YOUR ASSIGNMENT
Transcribe the lines below exactly, beginning with the line that holds "anekaant beige embroidered clutch" and ending with the final line, both included. Pictures are to be left out.

SOURCE DATA
----------------------------------------
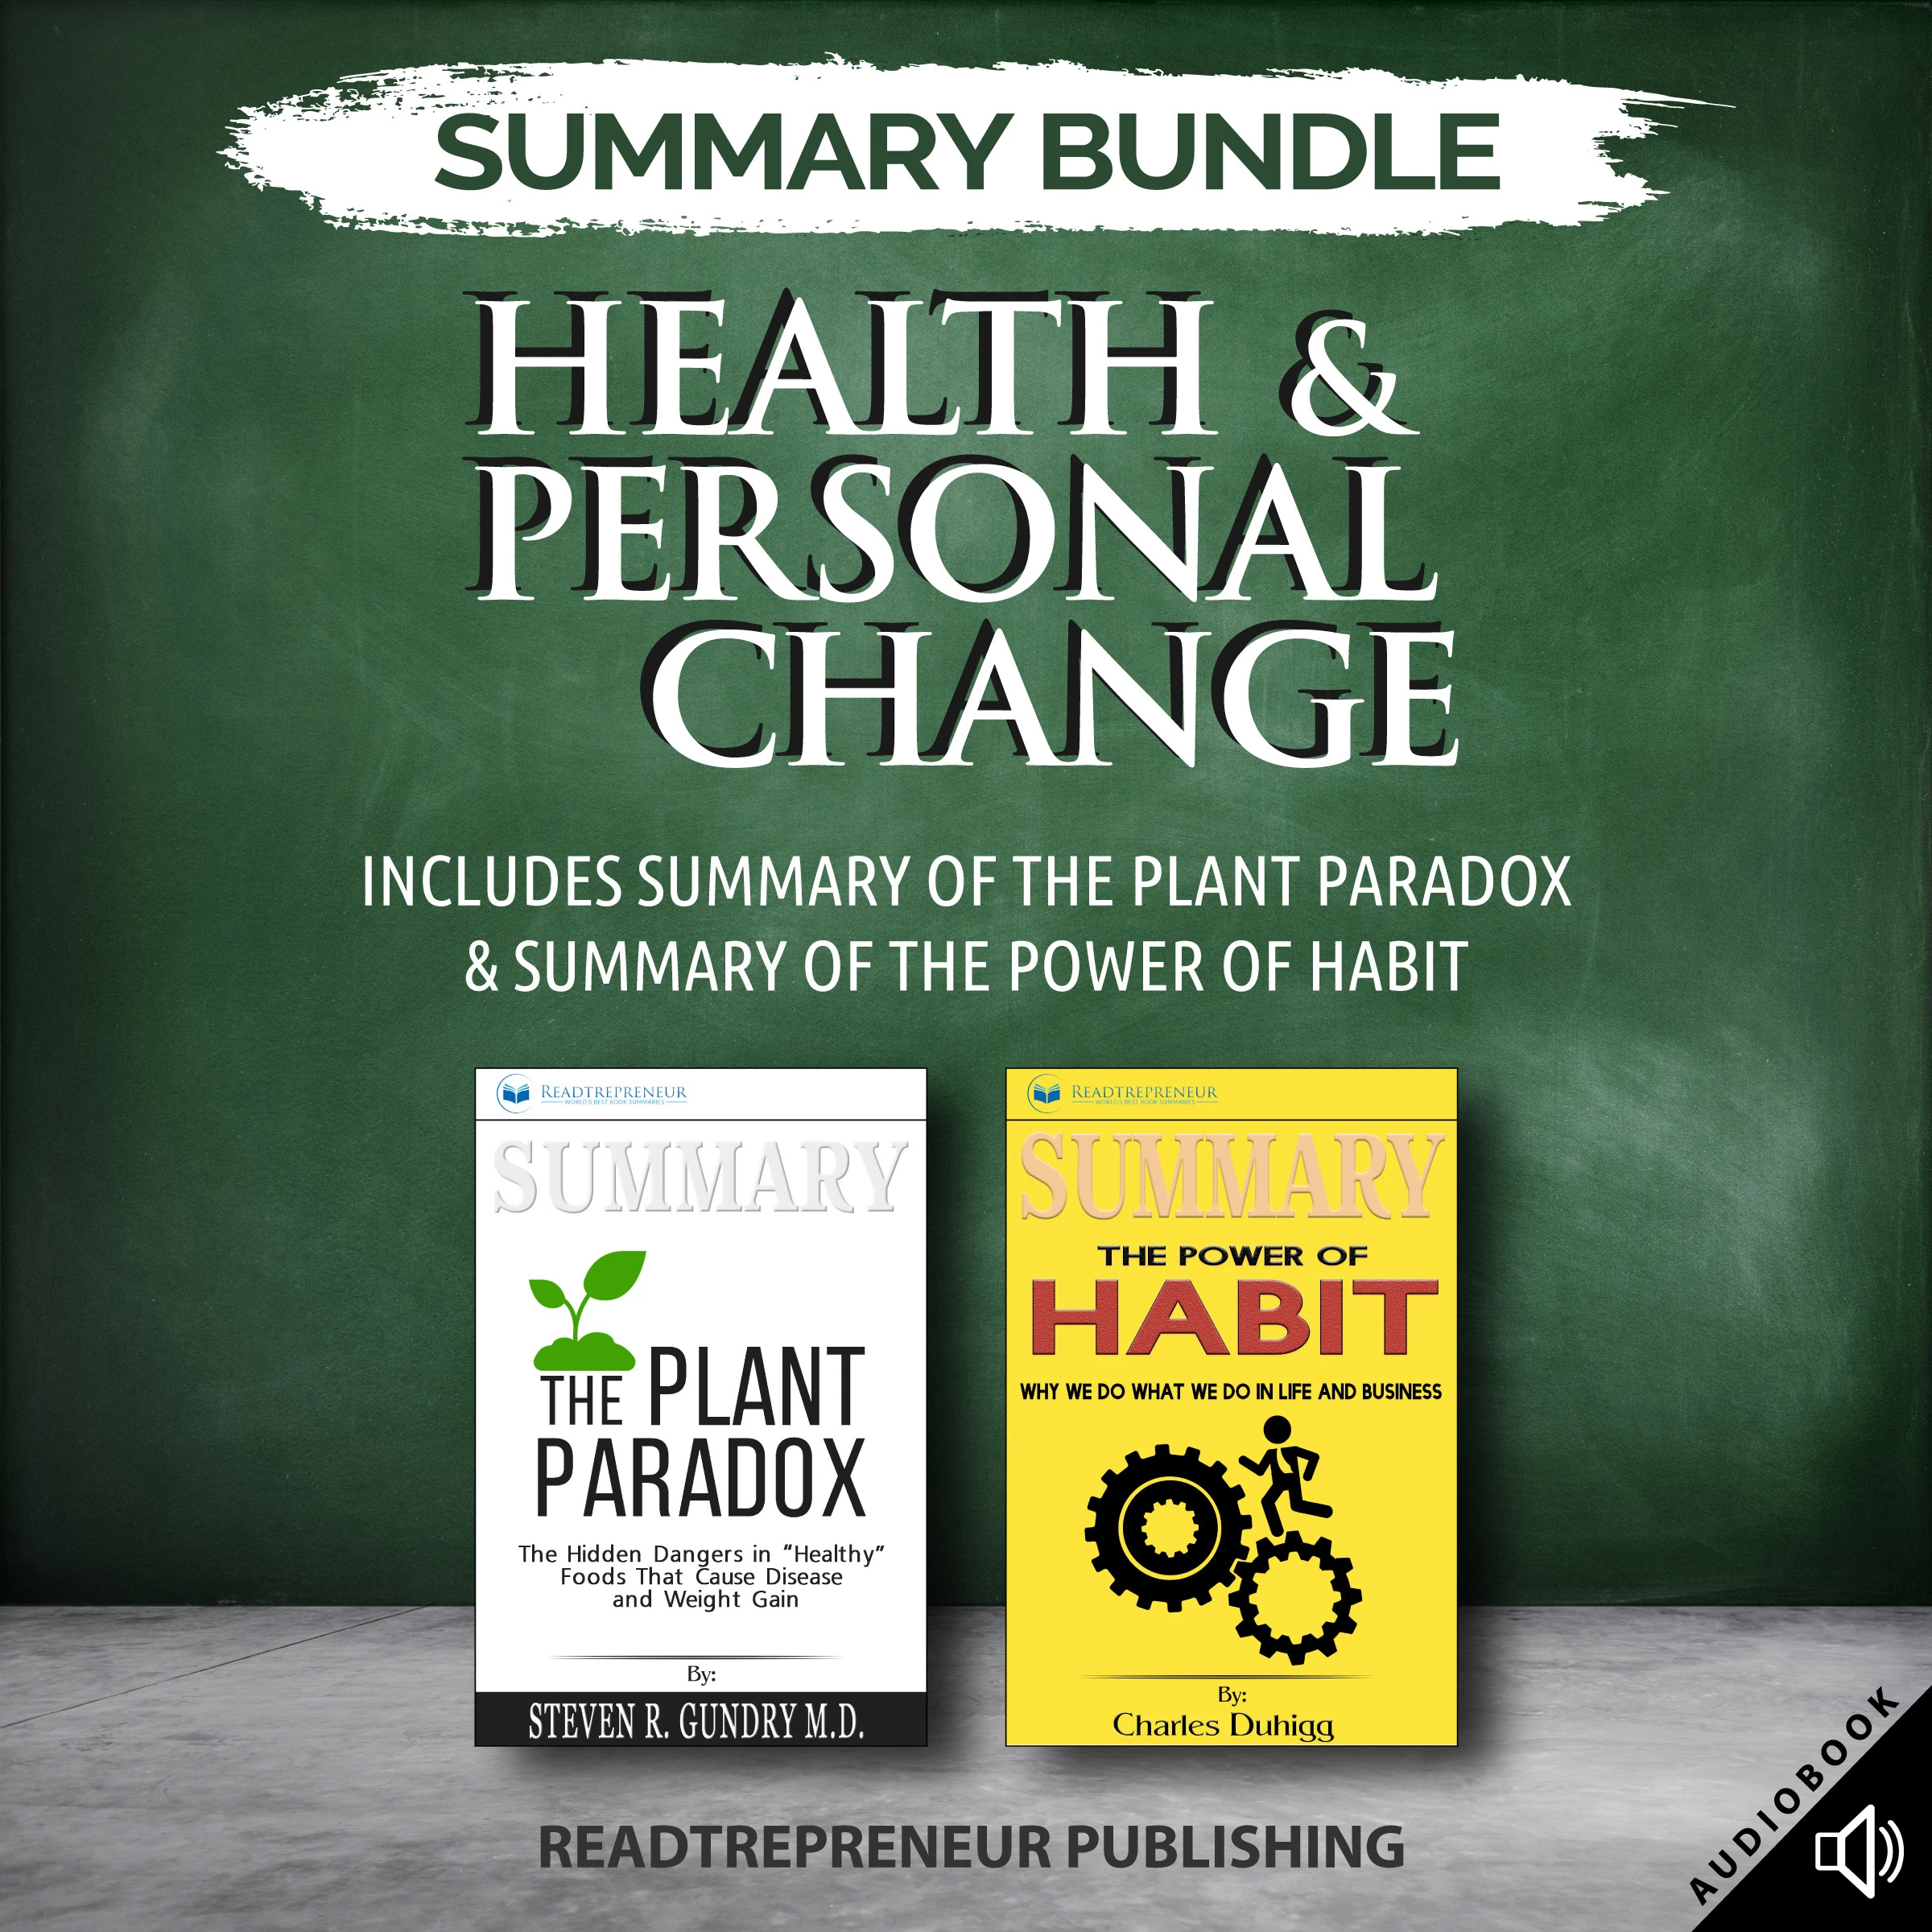 Summary Bundle: Health & Personal Change | Readtrepreneur Publishing: Includes Summary of The Plant Paradox & Summary of The Power of Habit Audiobook by Readtrepreneur Publishing
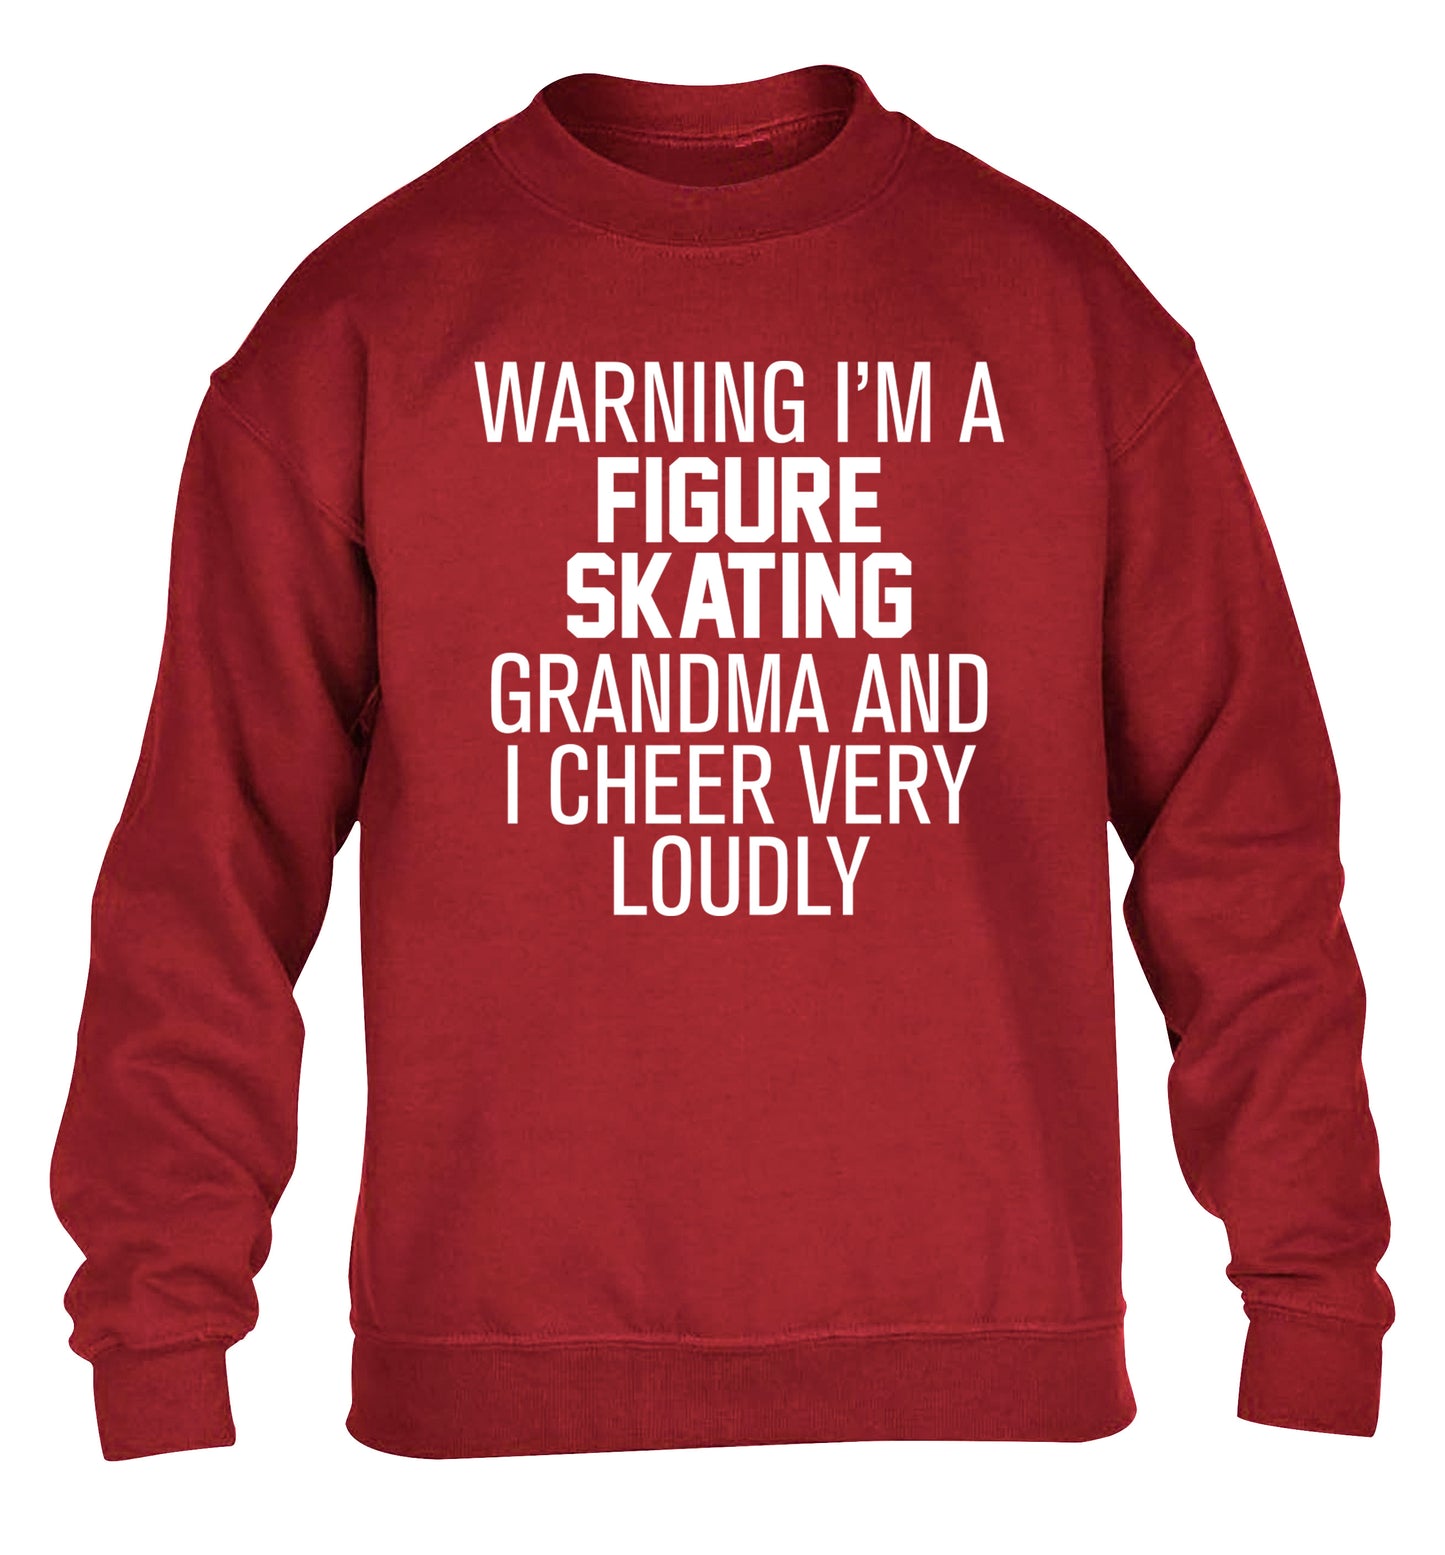 Warning I'm a figure skating grandma and I cheer very loudly children's grey sweater 12-14 Years
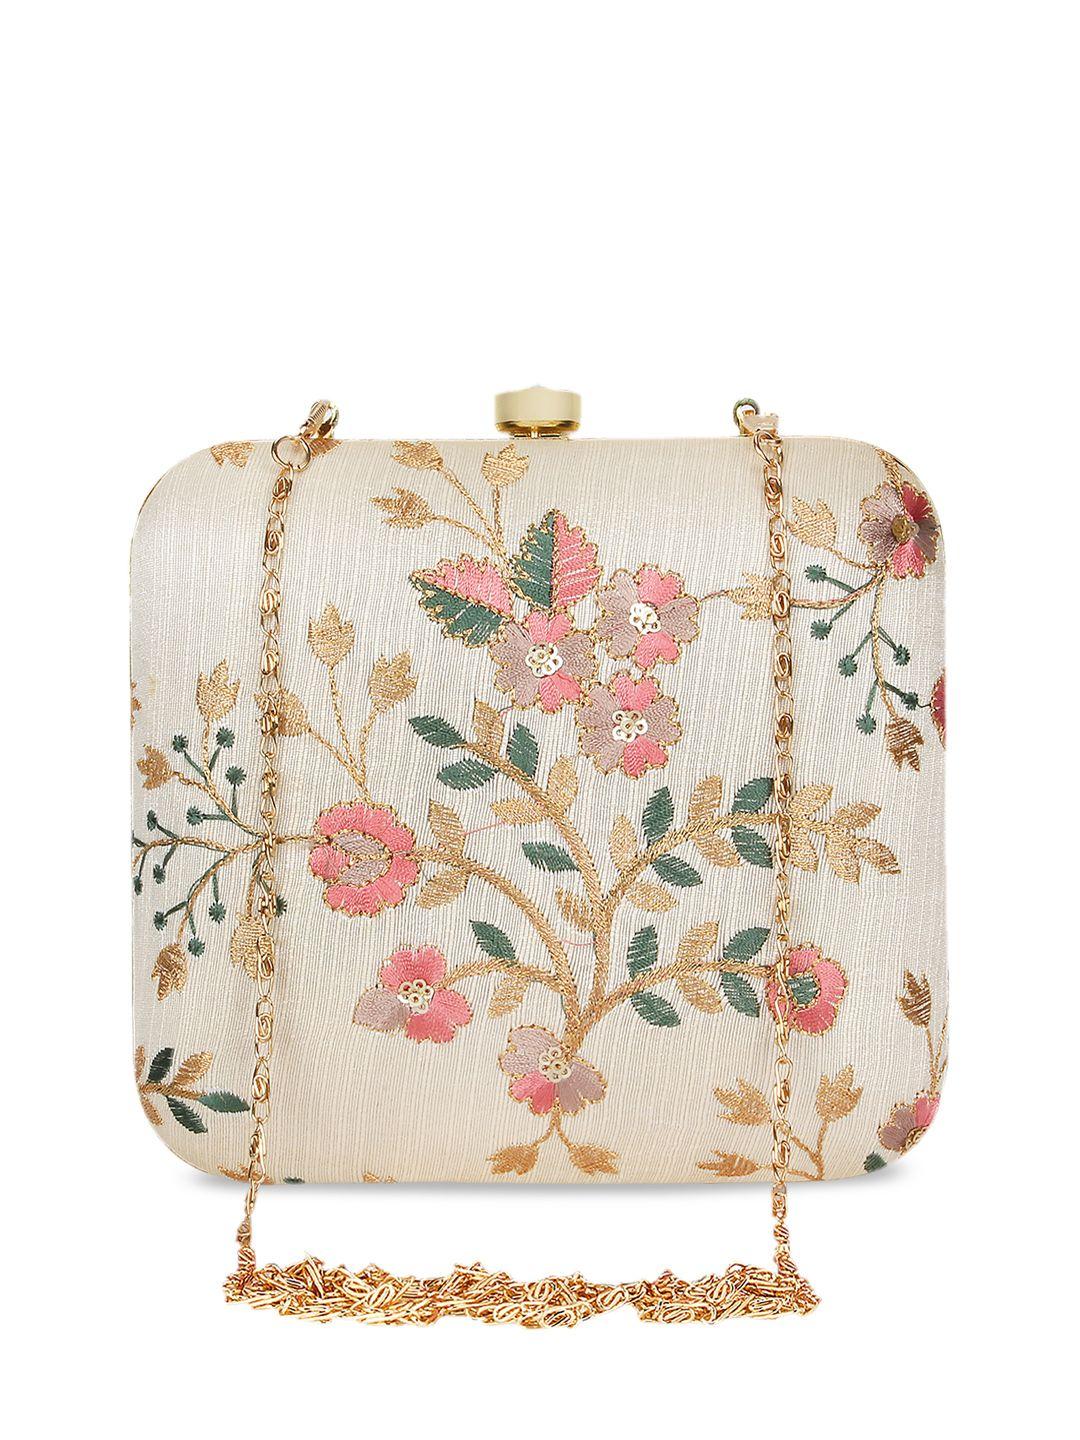 anekaant beige embroidered clutch
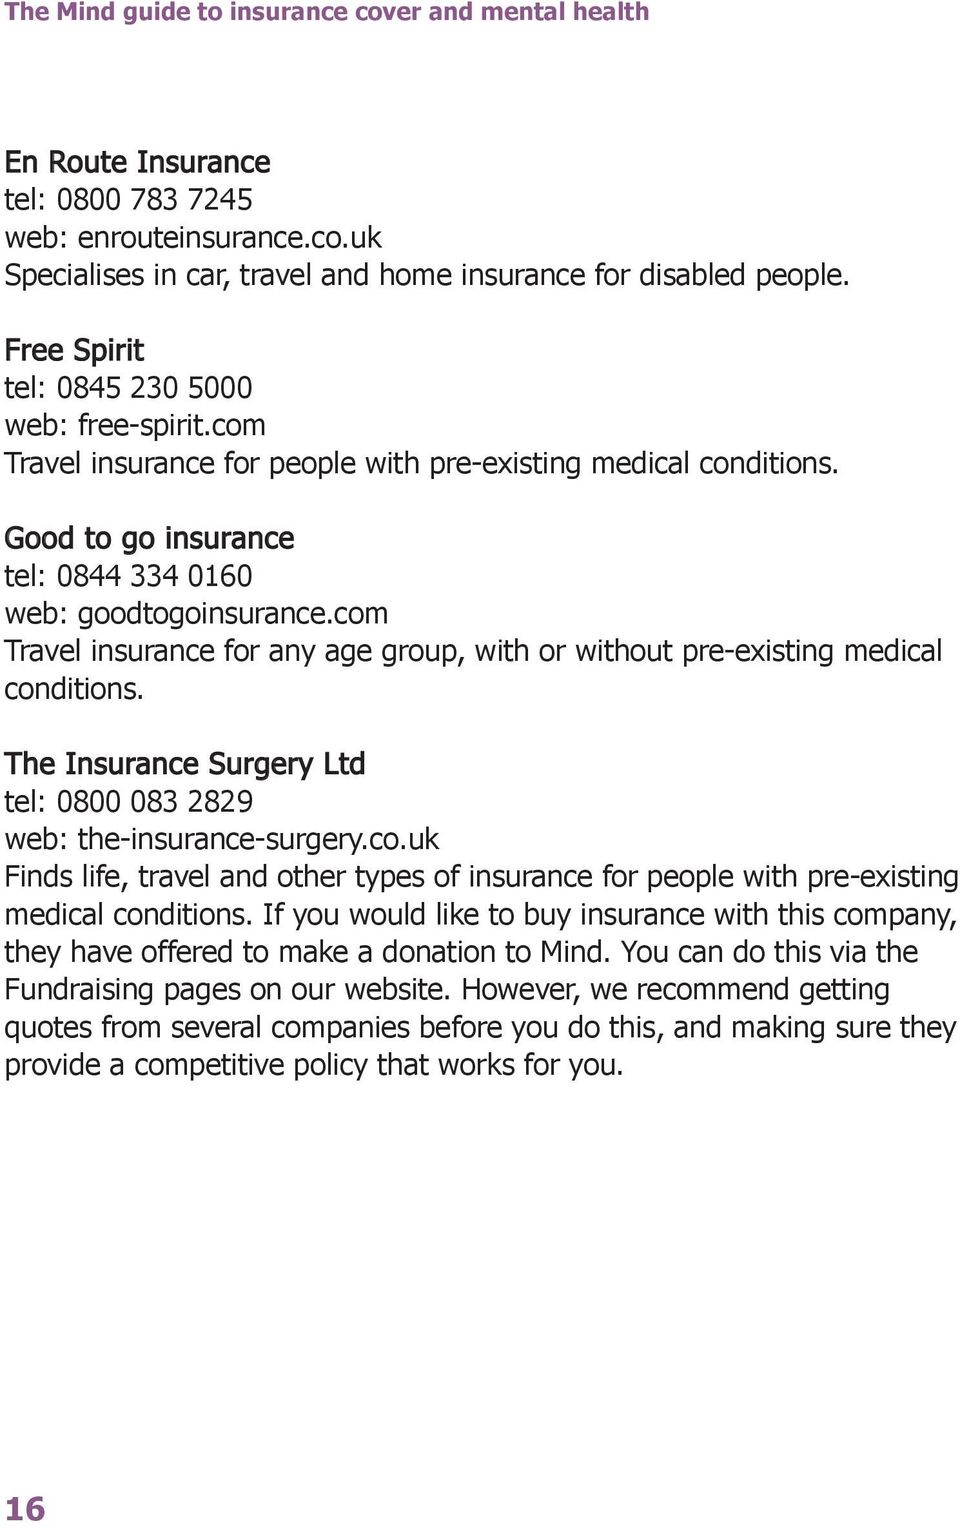 com Travel insurance for any age group, with or without pre-existing medical conditions. The Insurance Surgery Ltd tel: 0800 083 2829 web: the-insurance-surgery.co.uk Finds life, travel and other types of insurance for people with pre-existing medical conditions.
----------------------------------------
RESPONSE
 anekaant beige embroidered clutch
 com Travel insurance for any age group, with or without pre-existing medical conditions. The Insurance Surgery Ltd tel: 0800 083 2829 web: the-insurance-surgery.co.uk Finds life, travel and other types of insurance for people with pre-existing medical conditions.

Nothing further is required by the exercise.